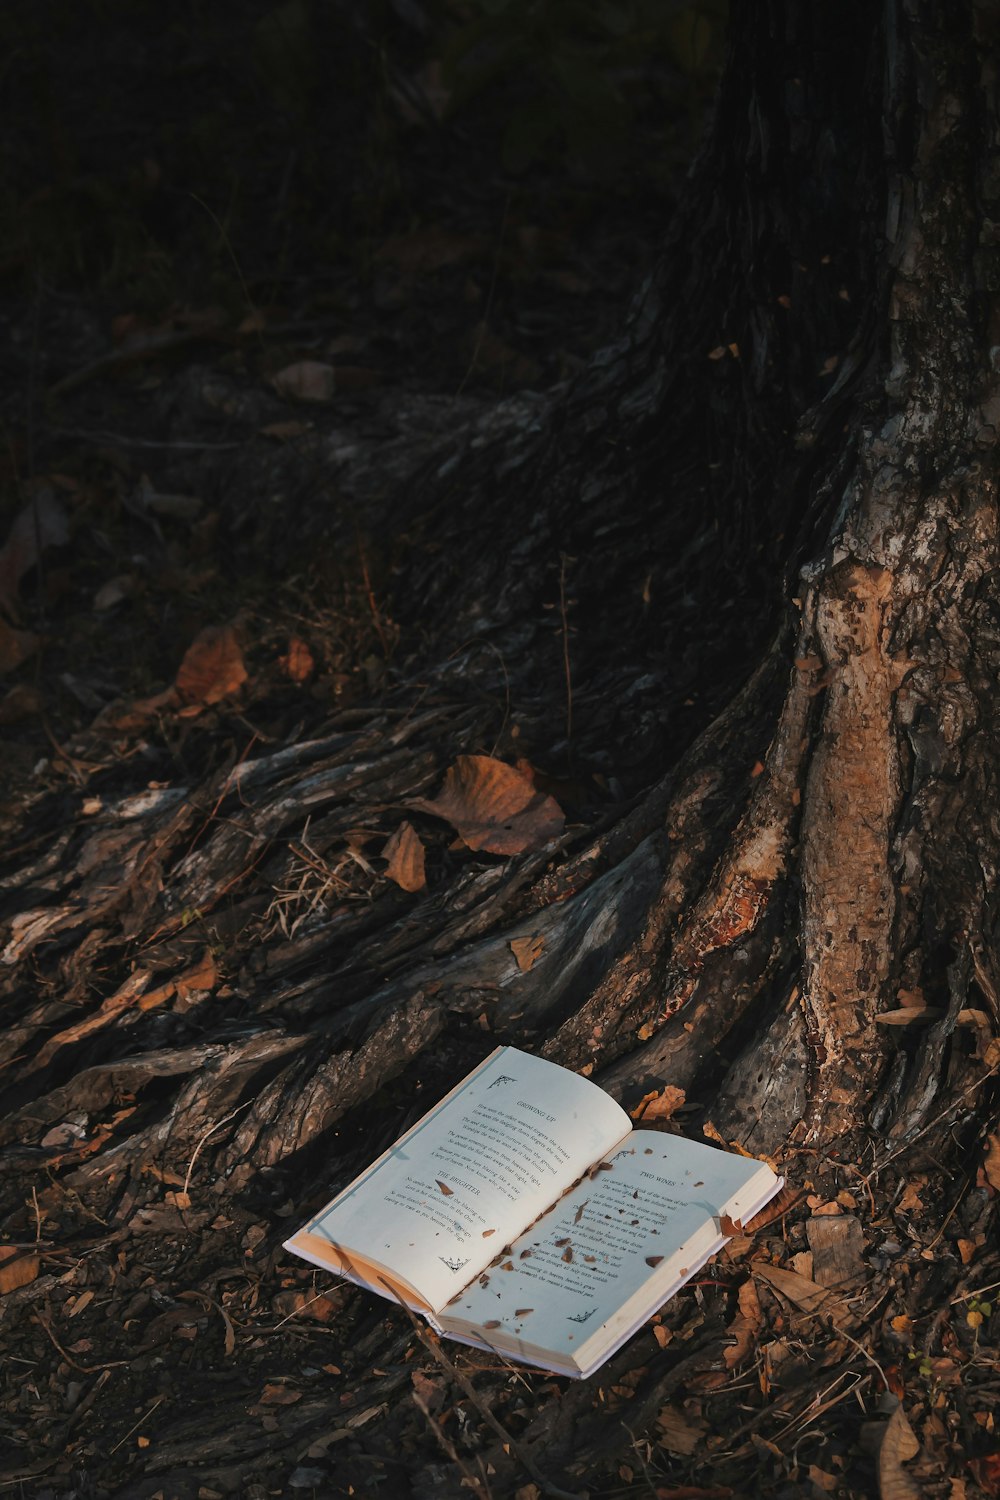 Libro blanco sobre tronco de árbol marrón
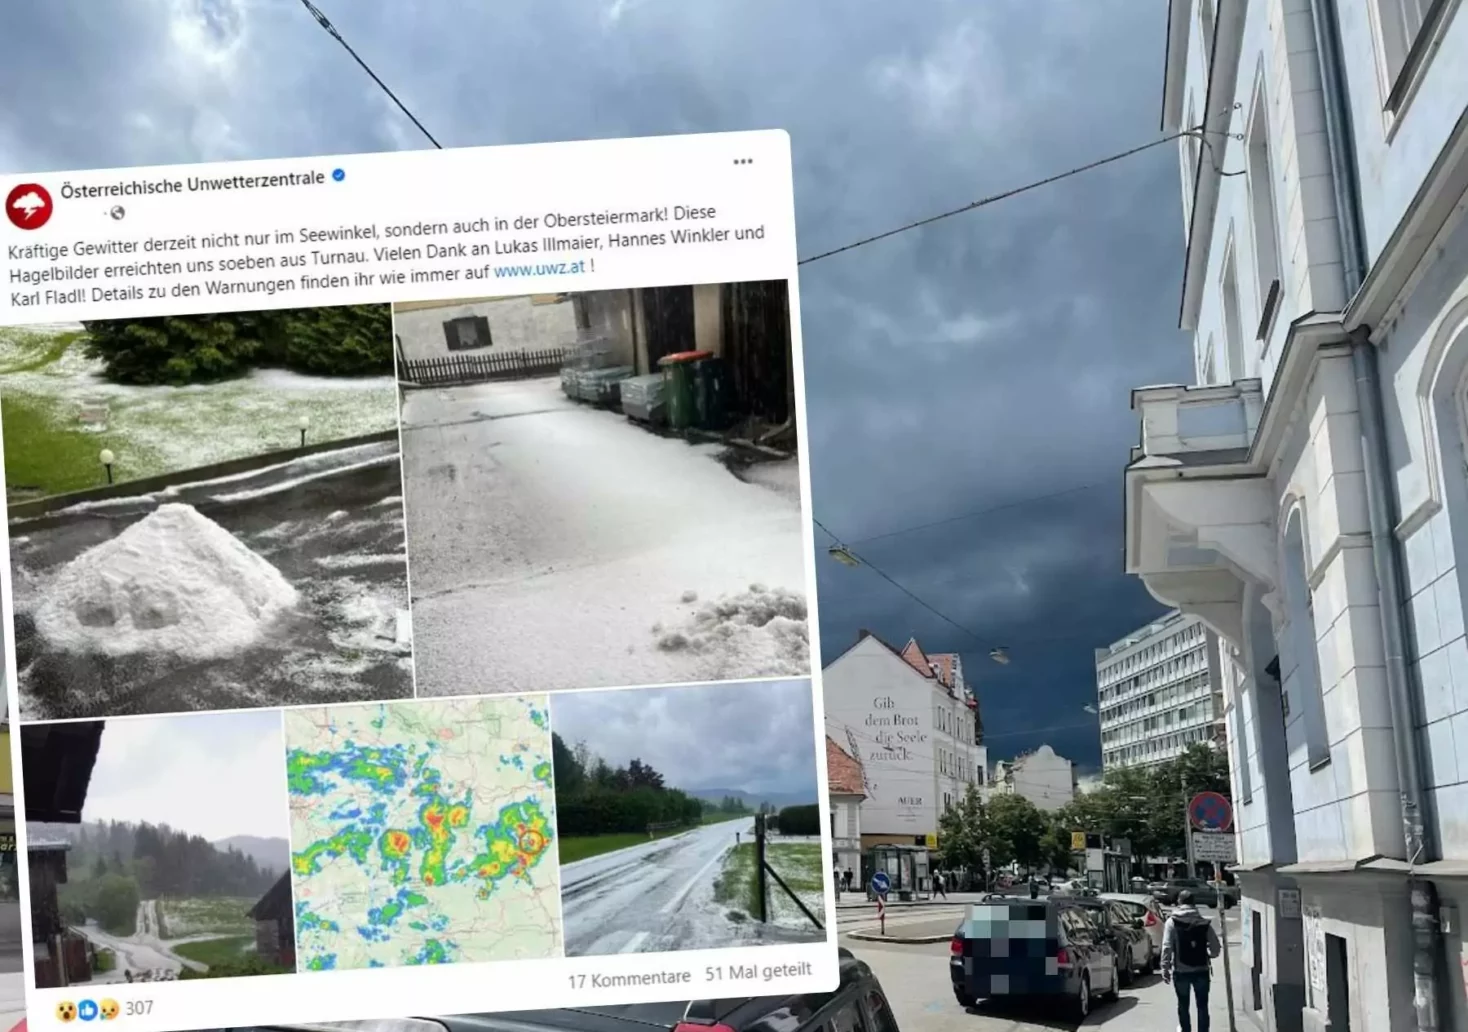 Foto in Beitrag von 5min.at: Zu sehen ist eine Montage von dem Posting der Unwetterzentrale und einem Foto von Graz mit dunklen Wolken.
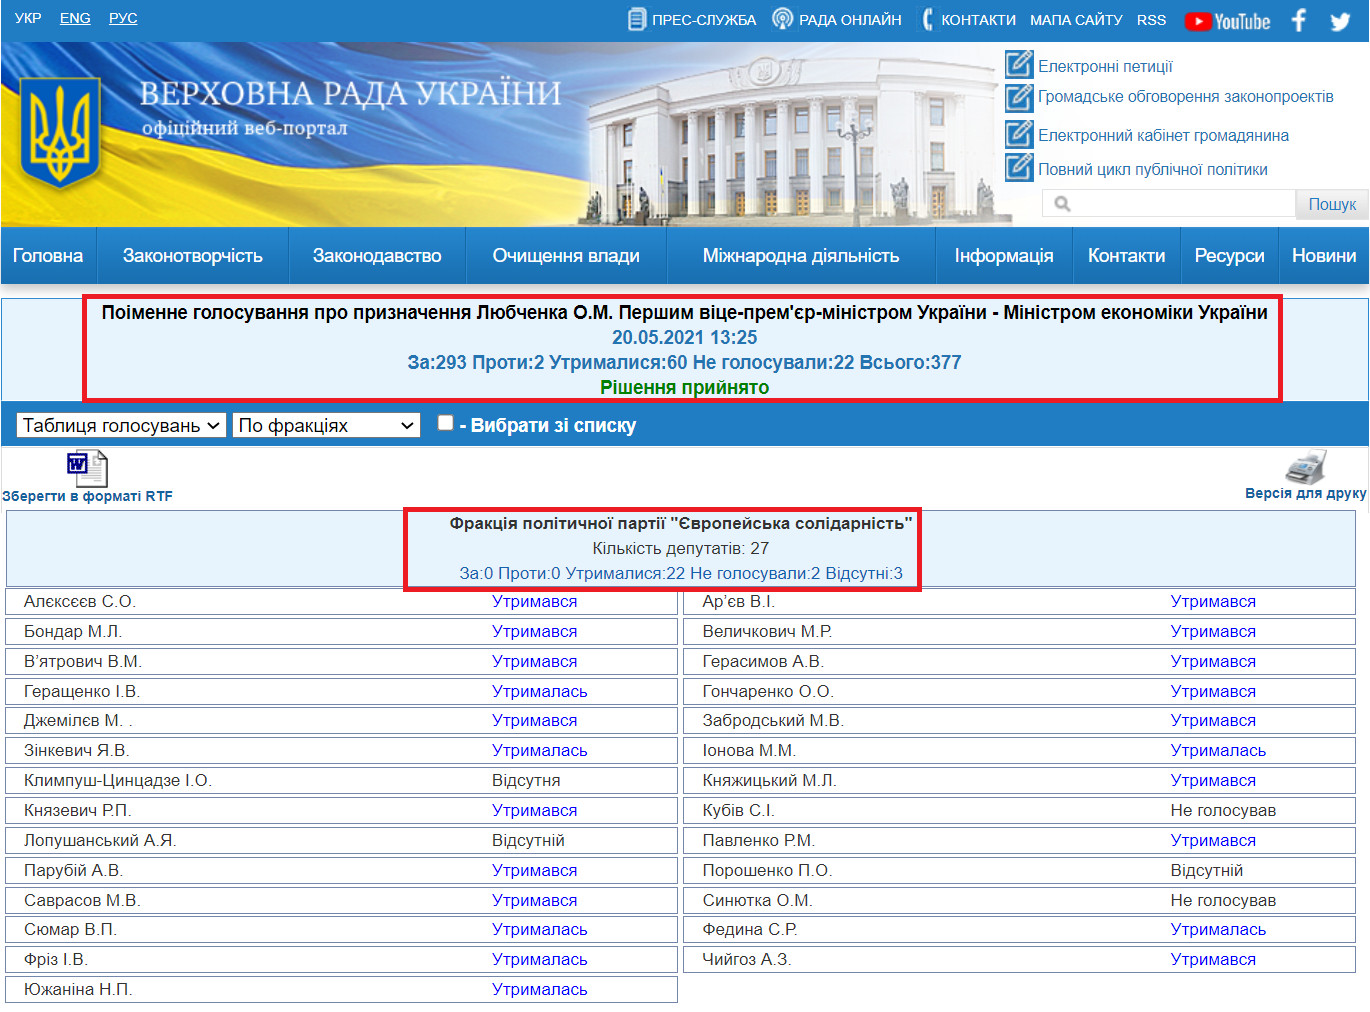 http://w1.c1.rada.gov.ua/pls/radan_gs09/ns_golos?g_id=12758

Task
Give the data back exactly, omitting all pictures.

Written answer
 Libro blanco sobre tronco de árbol marrón
 Foto in Beitrag von 5min.at: Zu sehen ist eine Montage von dem Posting der Unwetterzentrale und einem Foto von Graz mit dunklen Wolken.
 http://w1.c1.rada.gov.ua/pls/radan_gs09/ns_golos?g_id=12758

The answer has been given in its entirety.